I like it since it's extremely simple, doesn't require oil, it's cheap and out of 700+ reviews it has 4.5 out of 5 stars from owners. What are your thoughts on such a device?

Sharpening is a "personal preference" thing. The key to sharpening is maintaining a constant angle, no matter what. I've used different methods, from a waterstone, to diamond rods, to ceramic blocks, to a leather strop (for honing). All work for me, though I find myself using diamond rods and leather strops most often.

the1jeffy;32935 Wrote:Great OP(s), Jah.
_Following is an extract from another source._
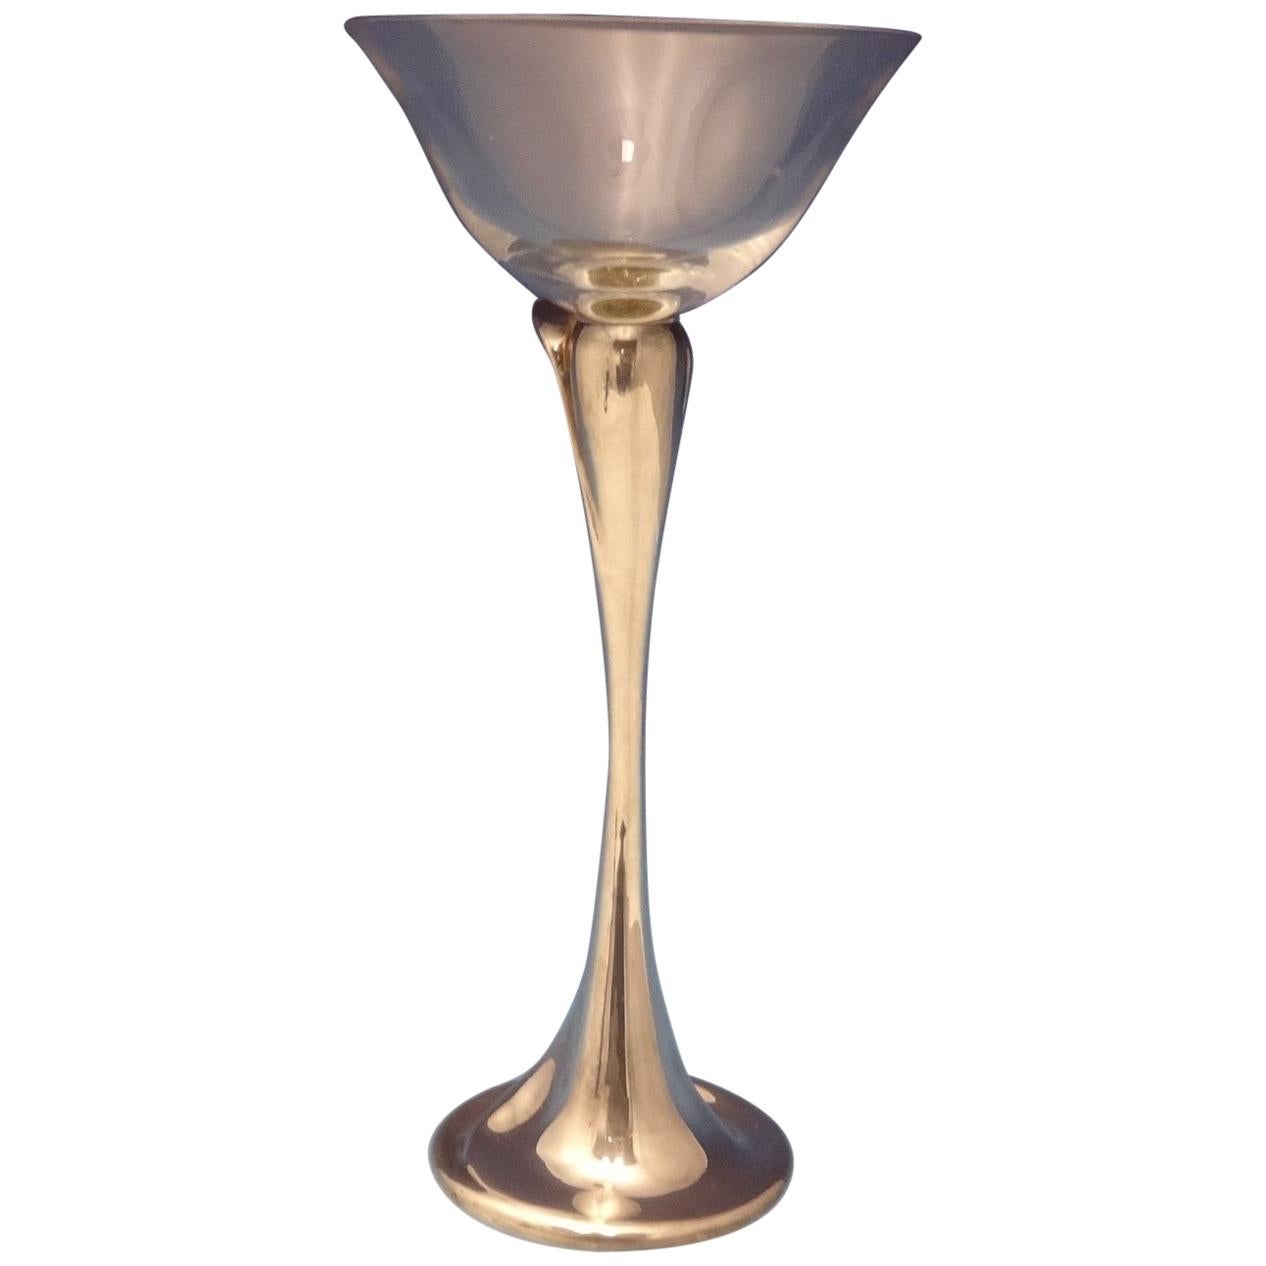 Tiffany & Co. Sterling Silver Martini Glass Designed by Elsa Peretti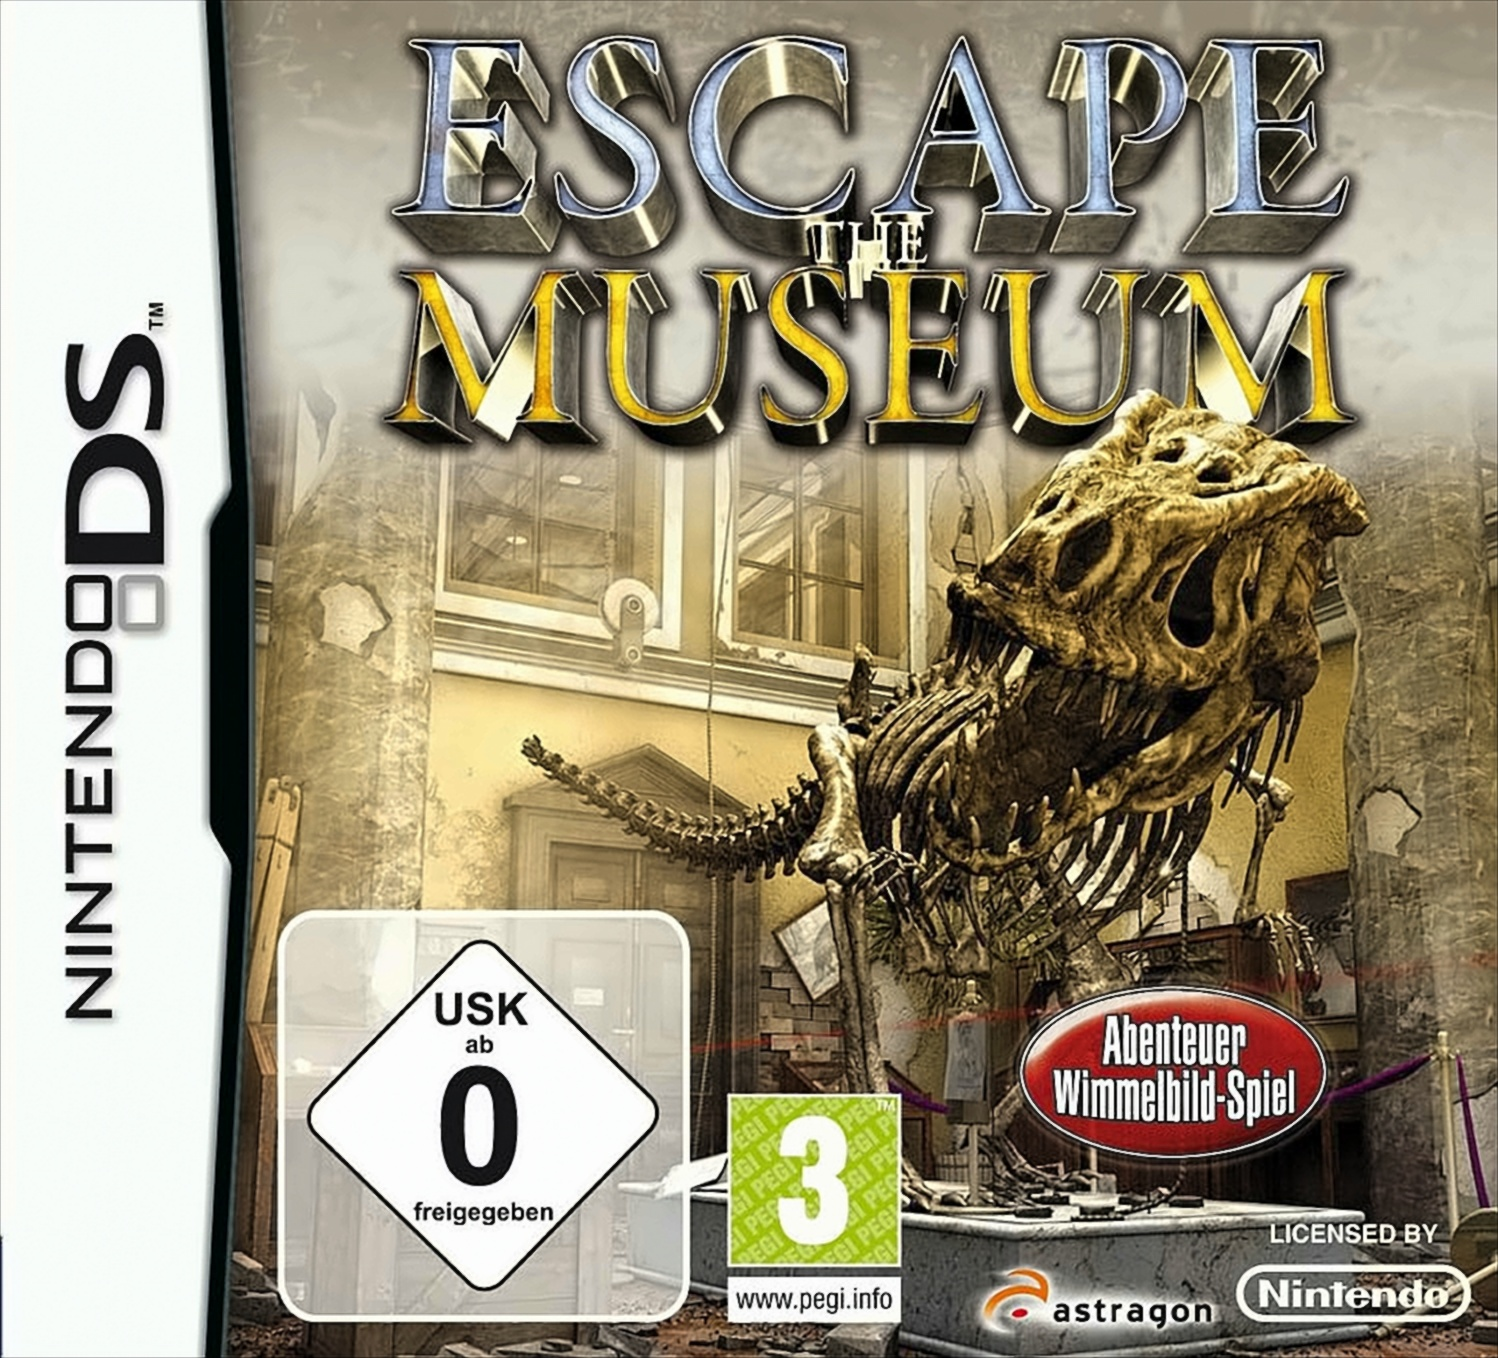 The Escape Museum DS] - [Nintendo

Can you go a little bit more into the locking mechanisms and why you think some are weaker than others?

Also, why are all these knives are ~$100? What exactly does a ~$30 folder do wrong? Specifically:
[Image: 4CfmD.jpg]
[Image: gWF0i.jpg]

Got this at Bass Pro near Hburgh for under $30. It's been a good EDC for a couple years, and I've had no reason to suspect the lock of being weak, or anything else.

All locking mechanisms will fail. ALL of them. That's in their nature. That said, there are some that are stronger than others. Liner locks, in my experience, are the weakest. The strongest lock I've ever had on a knife are the ball bearing detente styleed ones, like the ones Benchmade uses for their 940 model. Lockbacks are pretty tough; Buck got it right years ago.